Funny, it was such a critically acclaimed game, but I never played it.


----------



## Jei (Jan 4, 2008)

Other: Megaman ZX Advent.

I'm currently replaying it on expert, it's pretty amusing


----------



## Cai (Jan 4, 2008)

Contra 4


----------



## HBK (Jan 4, 2008)

QUOTE(Jaejae @ Jan 4 2008 said:


> Phantom Hourglass, it was the game that got me into Zelda.
> Funny, it was such a critically acclaimed game, but I never played it.



Yeah, it got me into Zelda too. Now I love the series. It totally got my vote. 

However, FFXII is second, because I started to like FF too and now I'm into two really big trademarks.

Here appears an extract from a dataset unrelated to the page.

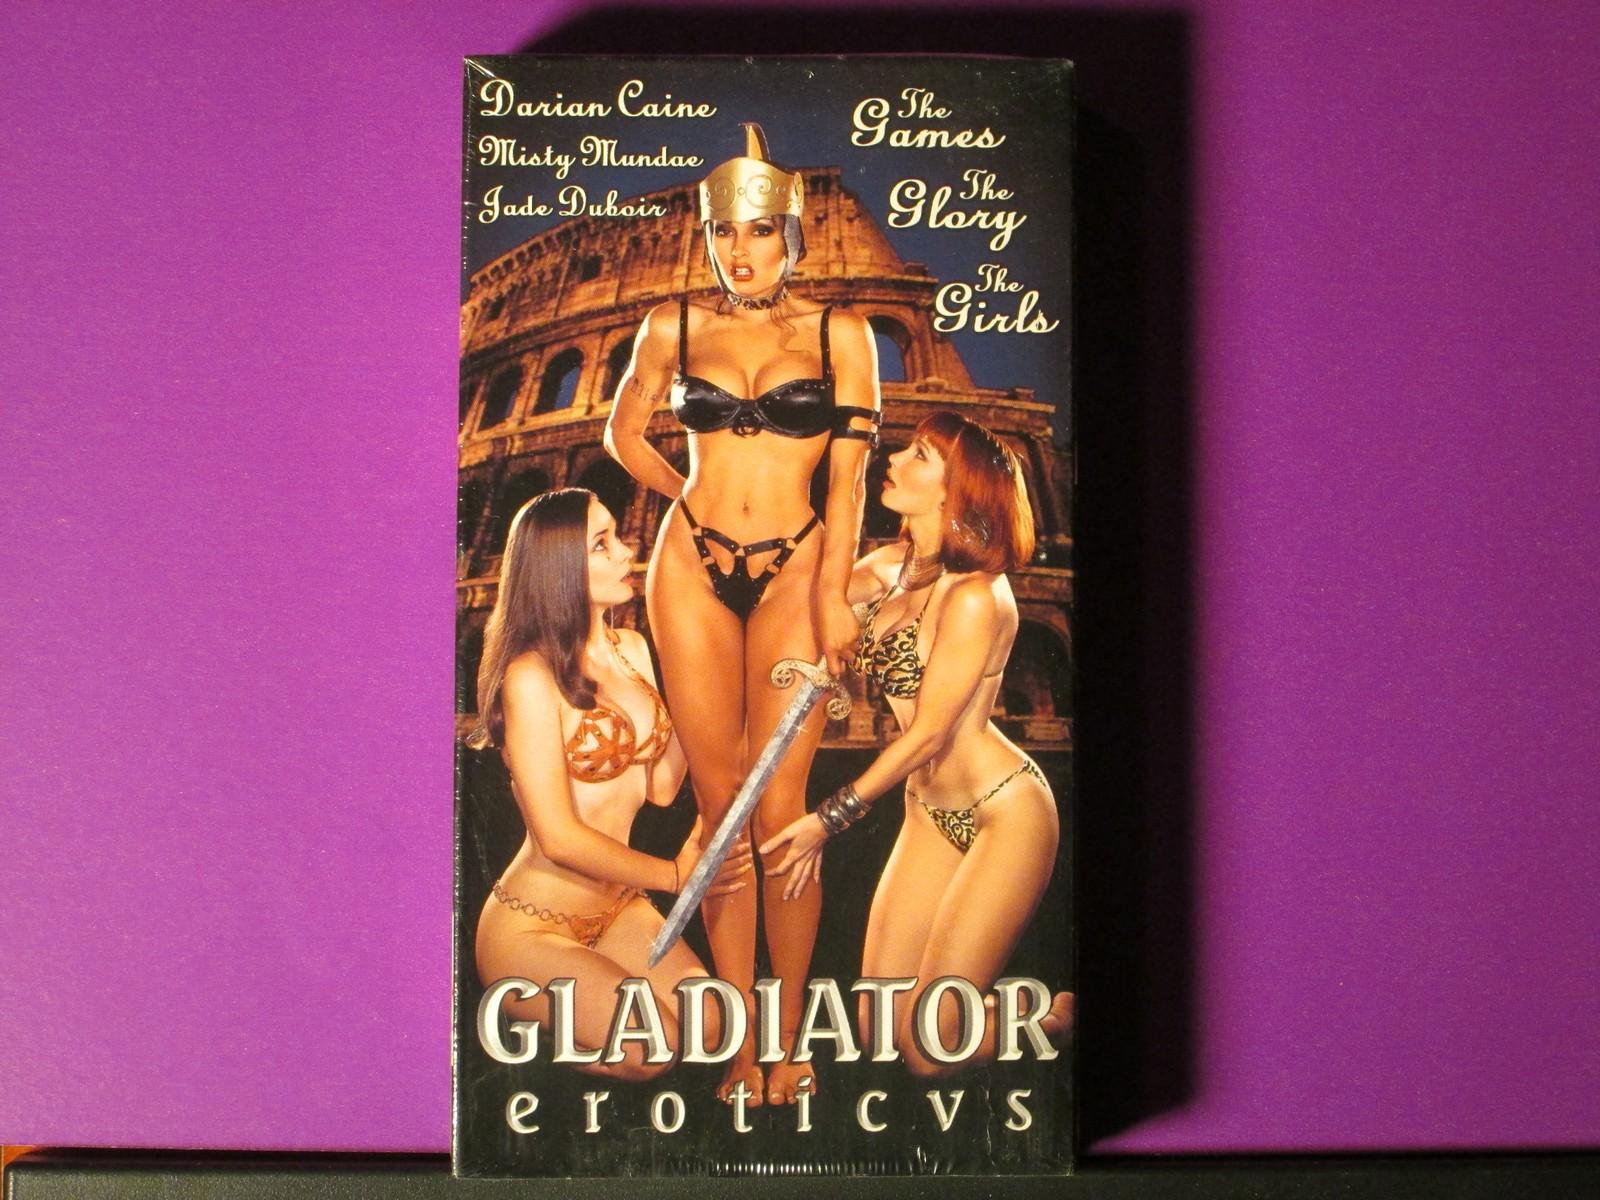 Gladitor Eroticvs - Darian Kane - Misty Mundae - Sweet N Evil

Pokemon D/P is third, and then PW:T&T follows. The rest didn't appeal to me much.


----------



## CockroachMan (Jan 4, 2008)

I must vote for LoZ.. although, it could have been a better game..


----------



## seracrux (Jan 4, 2008)

I haven't played Phantom Hourglass yet, but so far no game has done it for me. Although I did enjoy quite a few. I'm hoping that FFTA2 will do it for me.


----------



## MaHe (Jan 4, 2008)

Phoenix Wright, lulz. I are a die-hard fanz, lulz. [/troll]


----------



## Joey Ravn (Jan 4, 2008)

Pokémon Diamond and Pearl. I spent +70 on the American version, +25 on the Spanish one, which I'm currently playing. There were other great games released during 2007, like PW:T&T or Contra 4, but nothing got me as hyped and hooked as Pokémon.

PS: IMO, Zelda wasn't a good game, at all.


----------



## Sinkhead (Jan 4, 2008)

Hotel Dusk, I'm waiting for a sequel. And Shaun, on the portal this still appears as an Advent Calendar entry


----------



## Ace Gunman (Jan 4, 2008)

I'm going to go with Phantom Hourglass for the simple fact that it's the only one of the year I've actually played (as I only recently purchased a DS). The truth of the matter is that I would have picked it regardless though, because I wanted a Wind Waker sequel so badly that I would have taken _anything_.


----------



## ZAFDeltaForce (Jan 4, 2008)

I must say, Final Fantasy 12 stole my heart. It was one of the best RTS games I have ever played on the DS (probably the best) and the storyline is deep, interesting and good. Sure, it got a little repetitive but hey, its an RTS. The graphics and sound are spectacular. Breathtaking even. Also one of the games I spent a few weeks on.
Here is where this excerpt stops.